Мой ответ вылился в стон, и я первая поцеловала, не в силах больше сдерживаться. Видит бог, никогда я еще так сильно не хотела этого мужчину. До такой степени, что практически ничего не соображала. Я вложила в поцелуй всю свою страсть, словно пыталась освободиться от нее. Гордей отвечал неторопливо, нежно, подчиняя меня своему ритму, заставляя прочувствовать поцелуй, насладиться уже только им. Он исследовал глубины моего рта, лаская тело сквозь тонкую ткань сарафана. Мне же хотелось ощутить его горячие руки на своей обнаженной коже. Грудь ныла, мечтая о более откровенных ласках, низ живота скрутило в тугой узел, и я знала, что лишь тогда станет легче, когда то, на чем я сейчас сидела, чувствуя, как он пульсирует, окажется во мне, вознесет меня не вершину блаженства, с которой я брошусь в пучину наслаждения.
Гордей перехватил меня поудобнее и встал со мной на руках, не прерывая поцелуя. Когда его губы оторвались от моих, я припала к его шее, покрывая ее поцелуями. В невольном порыве он прижал меня к себе так сильно, что в первый момент я задохнулась. А потом Гордей сразу же опустил меня на кровать, сорвав с нее предварительно покрывало.
Когда руки его проникли под подол сарафана, задирая тот вверх, я потянулась было к бра в изголовье (надо же! видать остатки разумных мыслей все еще плескались в моей голове, и я застеснялась Гордея!). Но он не дал мне потушить свет, мягко перехватив руку и прижав ее над головой.
— Хочу видеть тебя. Всю. Мне нужна твоя страсть, — пробормотал он мне в губы, снова накрывая их своими.
Руки Гордея скользнули по моим ногам. Немного устыдилась своих мокрых трусиков, но и от них он меня освободил сразу же.
— Ты уже готова, моя страстная девочка, — мягко развел он мои ноги в стороны, прикоснулся пальцем к самой чувствительной точке, заставляя меня выгнуть спину. — Но сегодня я хочу, чтобы ты умоляла, кричала от страсти. Ты должна выпустить ее на волю, не держать в себе, — палец его проник в узкую щель, но сразу же вынырнул, окуная меня в разочарование.
Когда я осталась перед Гордеем совершенно нагая, какое-то время он гладил мое тело, пожирая его взглядом.
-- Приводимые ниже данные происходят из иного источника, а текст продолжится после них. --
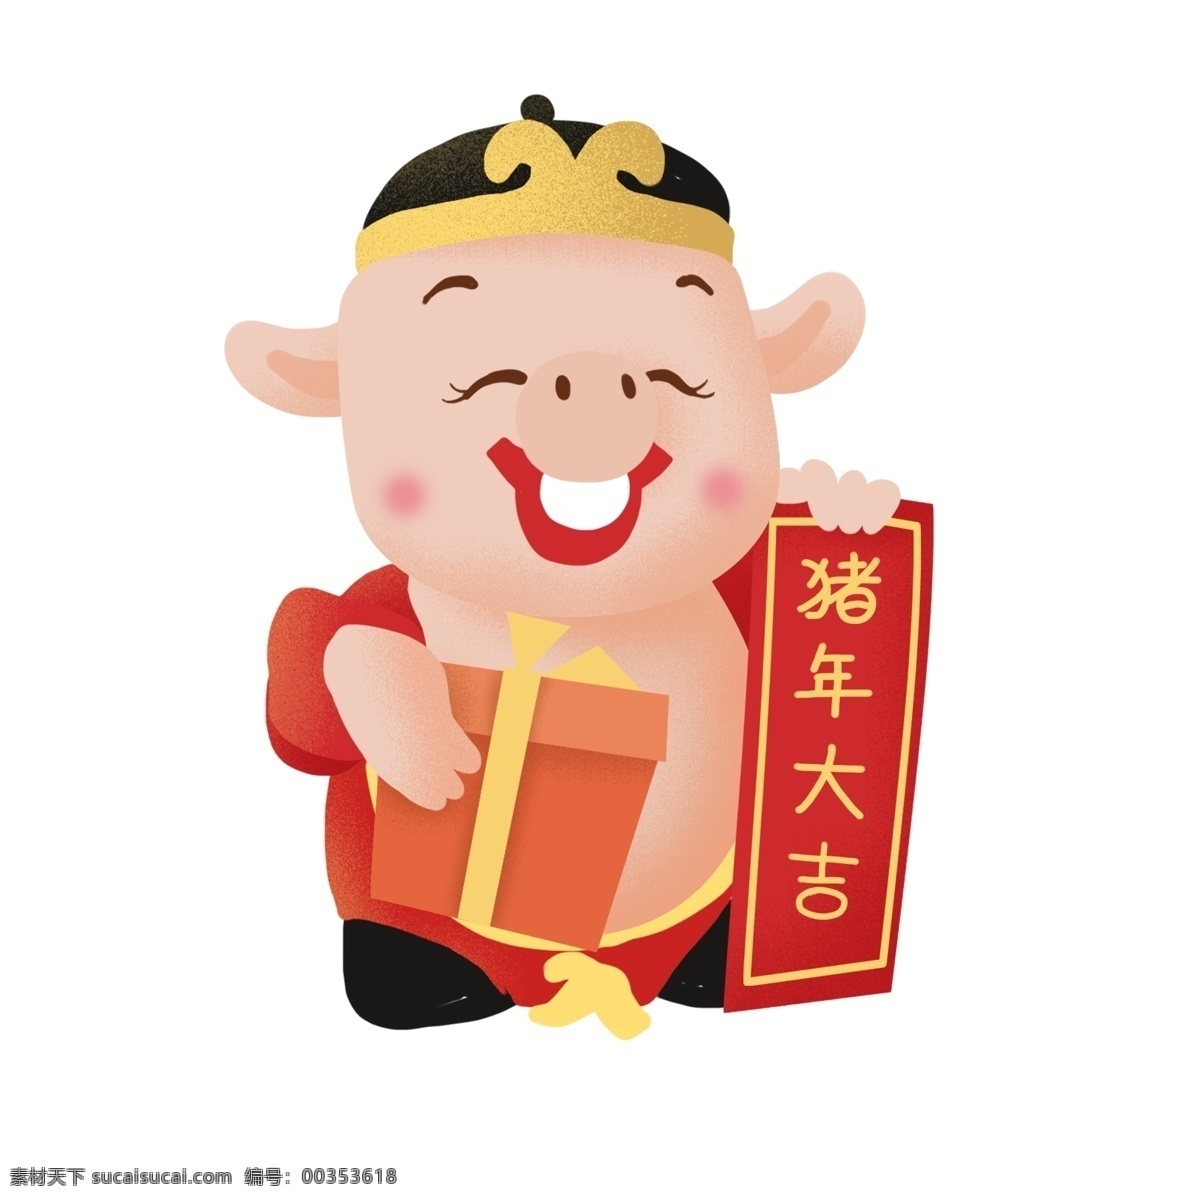 猪年 大吉 卡通 拜年 猪八戒 插画 喜庆 春节 礼物 对联 小猪 新年 2019年 过年 小猪形象 猪年形象
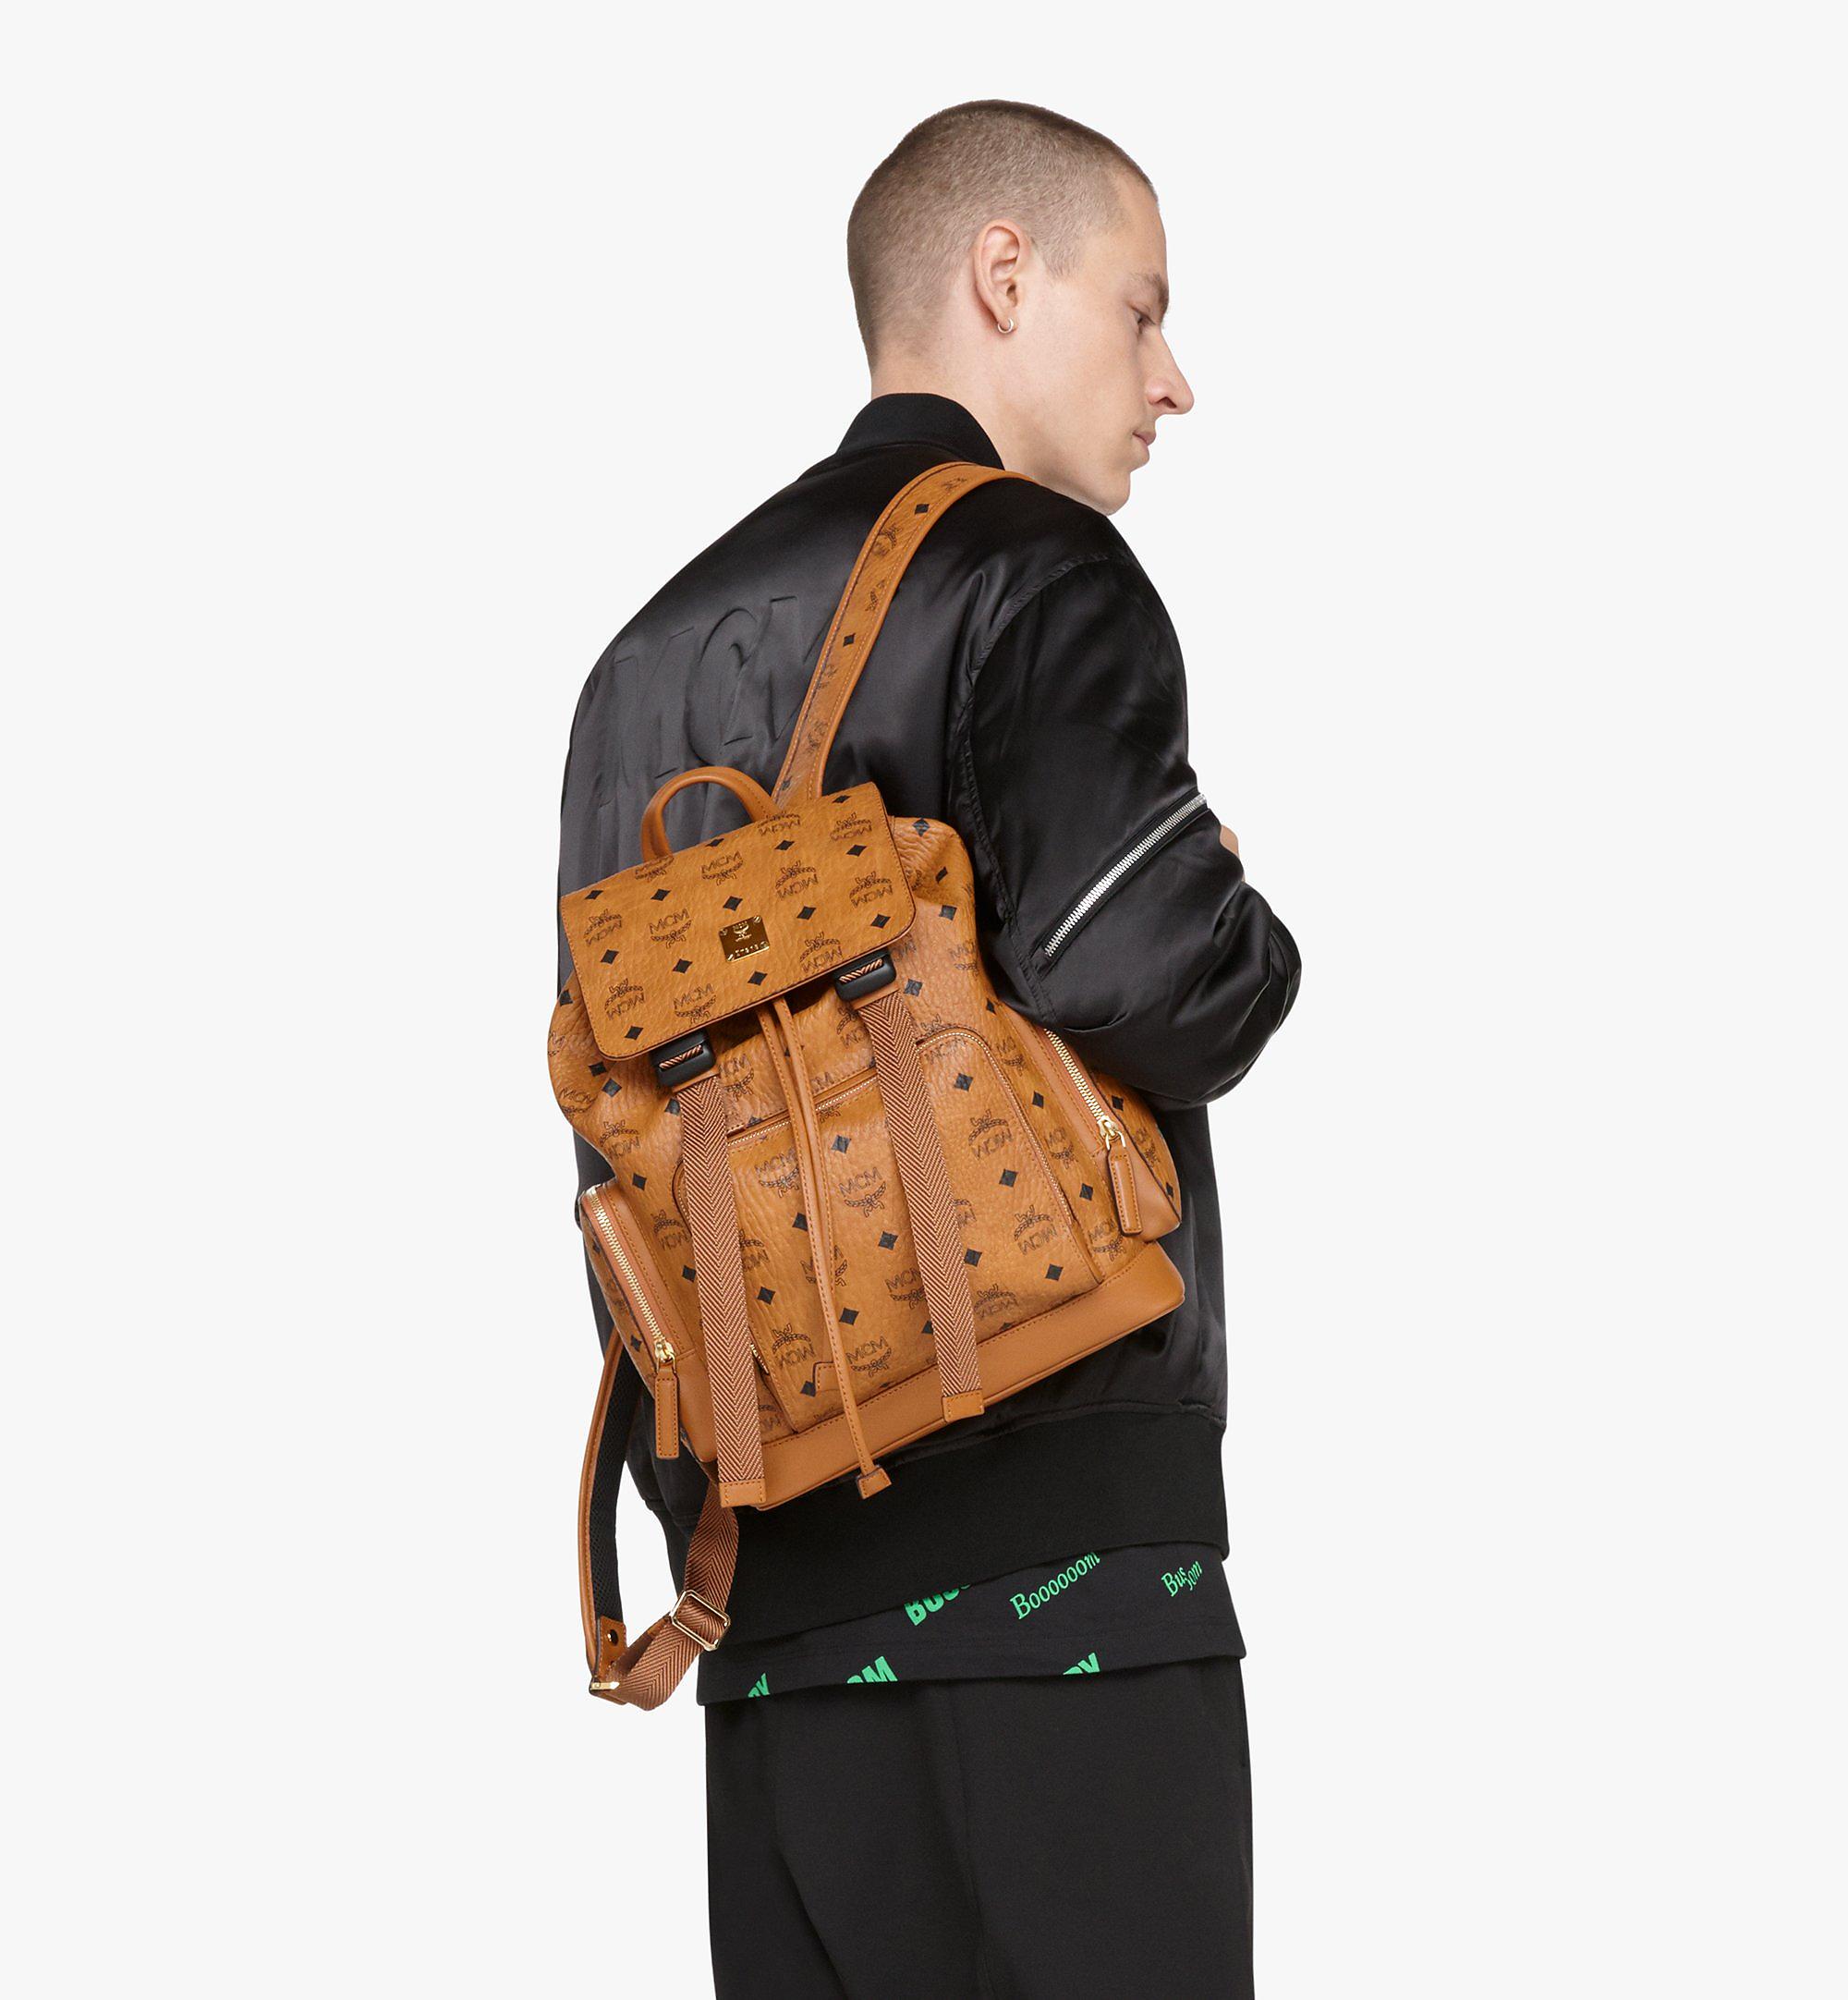 Mcm Men's Brandenburg Backpack in Visetos - Brown - Backpacks

Я видела, как вздымается его грудь, какими черными от возбуждения стали глаза, и не понимала, зачем он мучается себя, а заодно и меня, почему заставляет терпеть эту пытку, а не дарит такую желанную разрядку.
Но самые изощренные и страстные пытки меня ожидали впереди. Губы Гордея накрыли мой сосок, в то время как рука продолжала гладить живот, спускаясь ниже, проходясь по внутренней стороне бедра, вновь скользя вверх, но не касаясь того, что так мечтало о прикосновении, что пульсировало и сочилось влагой, приглашая в себя со всей щедростью неутоленной страсти.
Наигравшись с одним сосков и доведя меня практически до исступления, Гордей позволил стянуть с себя футболку, чтобы я могла коснуться его горячей кожи, ощутить ее под своими пальцами. Но нырнуть руке туда, что заставляло меня елозить задом по кровати, пульсируя и изнывая, он не позволил.
— Потерпи, моя хорошая, я еще не сполна насытился твоим желанием, — коварно пробормотал он, перехватывая мою руку и припадая губами к другому соску.
Что вытворяли его губы. Они втягивали затвердевшую плоть и отпускали, покусывали и посасывали. Я уже плохо соображала, где нахожусь и что делаю. Одна мысль билась в голове: «Это невыносимо! Нестерпимо волшебно! Я не выдержу!»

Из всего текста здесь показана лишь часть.